Sin que falte ninguna

Alberto Ordóñez Ortiz

A simple vista son invisibles. Para verlos se requiere de microscopios. Si a su tamaño nos referimos, podríamos decir que son poco menos que insignificantes. Pero, están allí, desafiantes, listos para irse en contra de nuestra especie, misión para la que les habría armado la naturaleza. Sin embargo, su presencia ha determinado que inclusive las principales metrópolis de nuestro “ancho y ajeno mundo”, sean ahora ciudades fantasmales, invadidas hoy por distintos animales, entre los que la implacable belleza de los venados, cobra especial relevancia. Se podría afirmar que han vuelto los desplazados a sus lugares de origen. Las puertas y las ventanas permanecen cerradas a cal y canto, marcadas por la negra cruz de un terror inocultable.

Los virus, según información científica de última data, tendrían una existencia de 3 mil millones de años. En tanto que el Homo Sapiens, -nuestro más remoto ancestro- alcanzaría según reciente revelación de un equipo científico del Instituto Max Planck, una antigüedad -aunque haya piezas misteriosas sin resolver- que va de los 300.000 a los 350.000 años. Vale decir, una diferencia colosal. Una diferencia que supera el asombro y se instala en ese umbral en que todo es abismo. Su entrecruzamiento en distintas épocas ha causado millones de muertos. Detrás del misterioso velo de la existencia humana está la conciencia, y con ella, la capacidad de entender, descubrir y redescubrir el mundo, sin embargo frente a los virus, su impotencia es descomunal.
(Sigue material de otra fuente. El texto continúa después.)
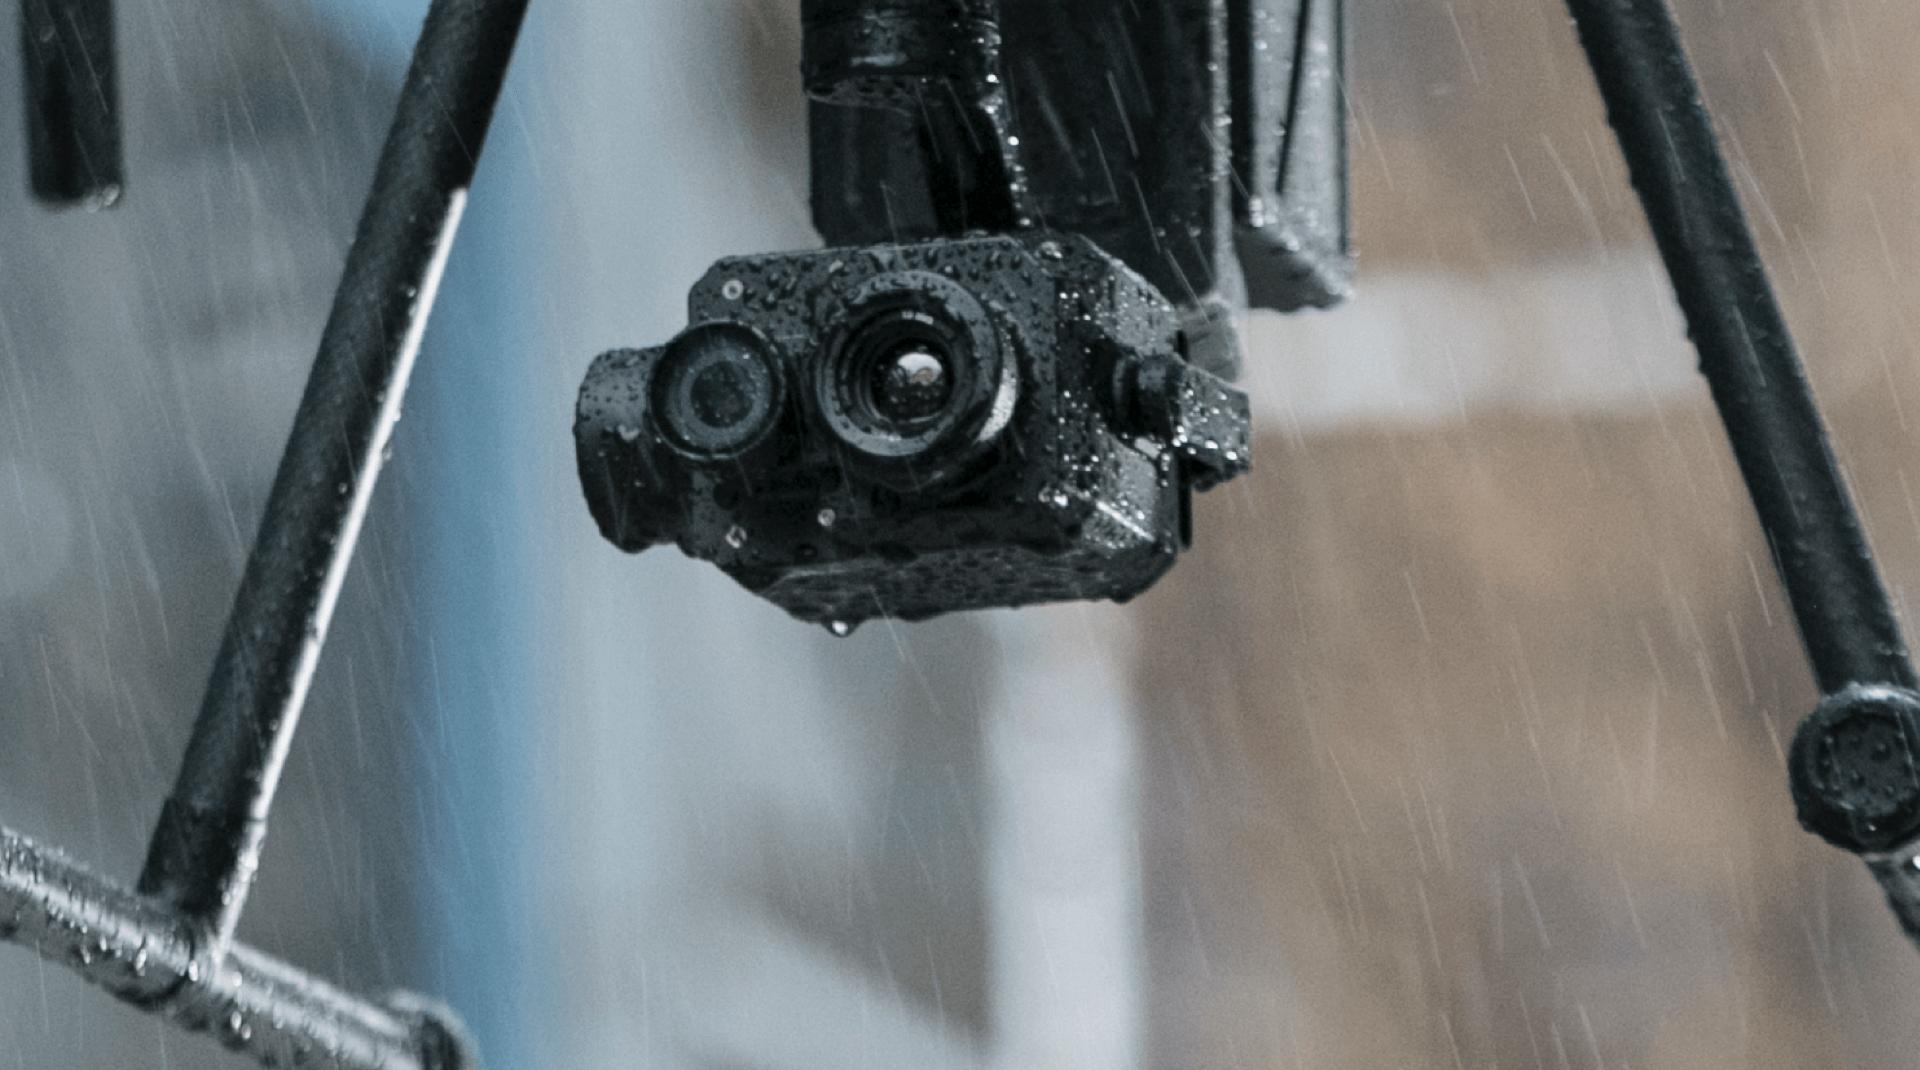 DJI Zenmuse XT2 : une nouvelle caméra thermique impressionnante pour drones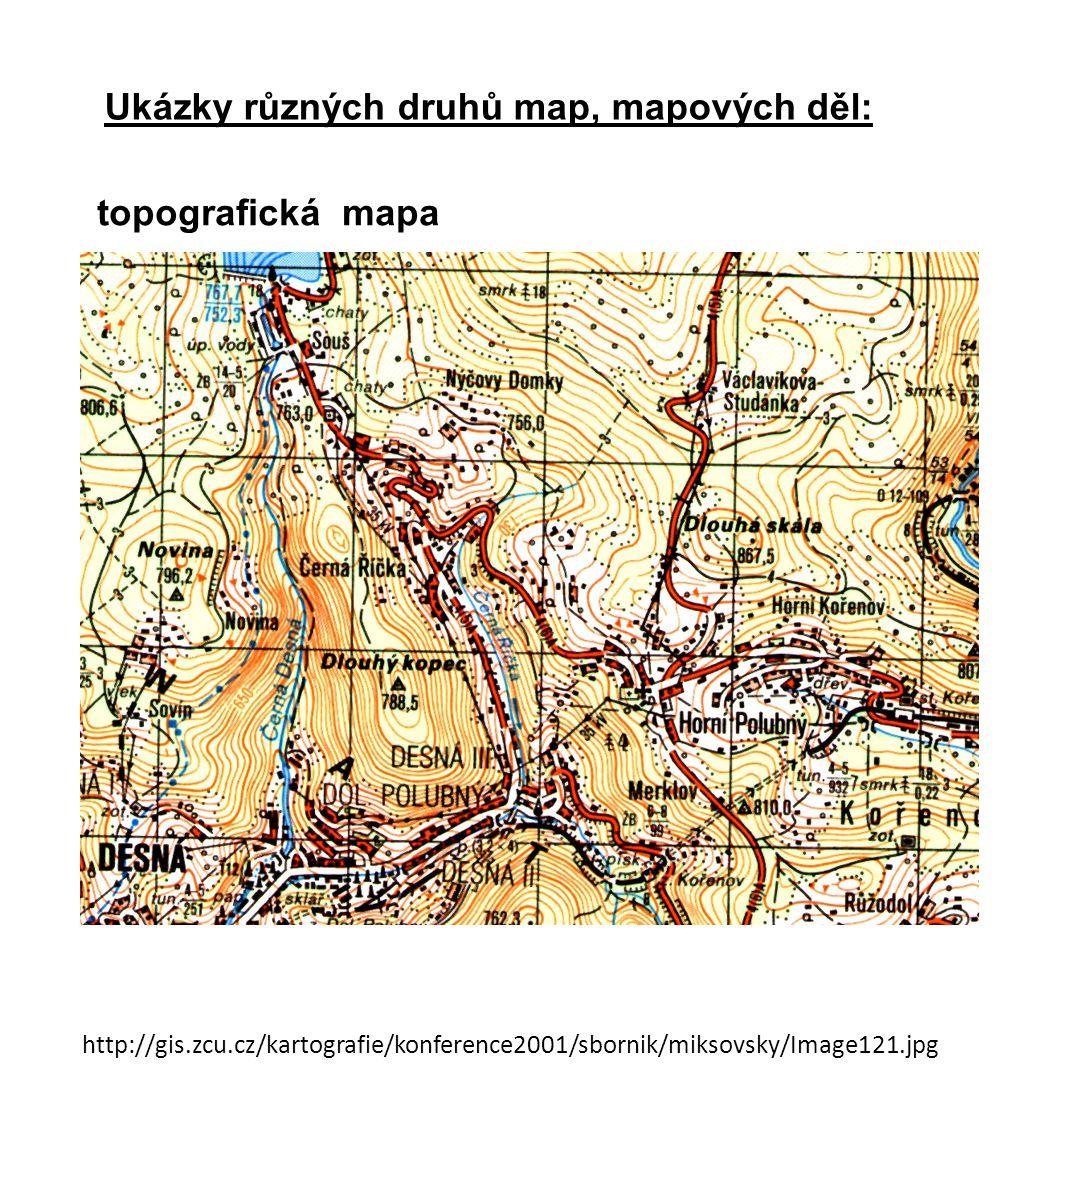 http://gis.zcu.cz/kartografie/konference2001/sbornik/miksovsky/Image121.jpg topografická mapa Ukázky různých druhů map, mapových děl:

El coronavirus, tiene la provocativa forma de una corona. Se podría decir que pertenece a la realeza de los virus. Entre tanto, a lo largo y ancho del mundo, hay un silencio enorme. Uno que por su tamaño es un estrépito nunca antes registrado. Un silencio que habla en todos los idiomas y dice todas las palabras, sin que falte ninguna. (O)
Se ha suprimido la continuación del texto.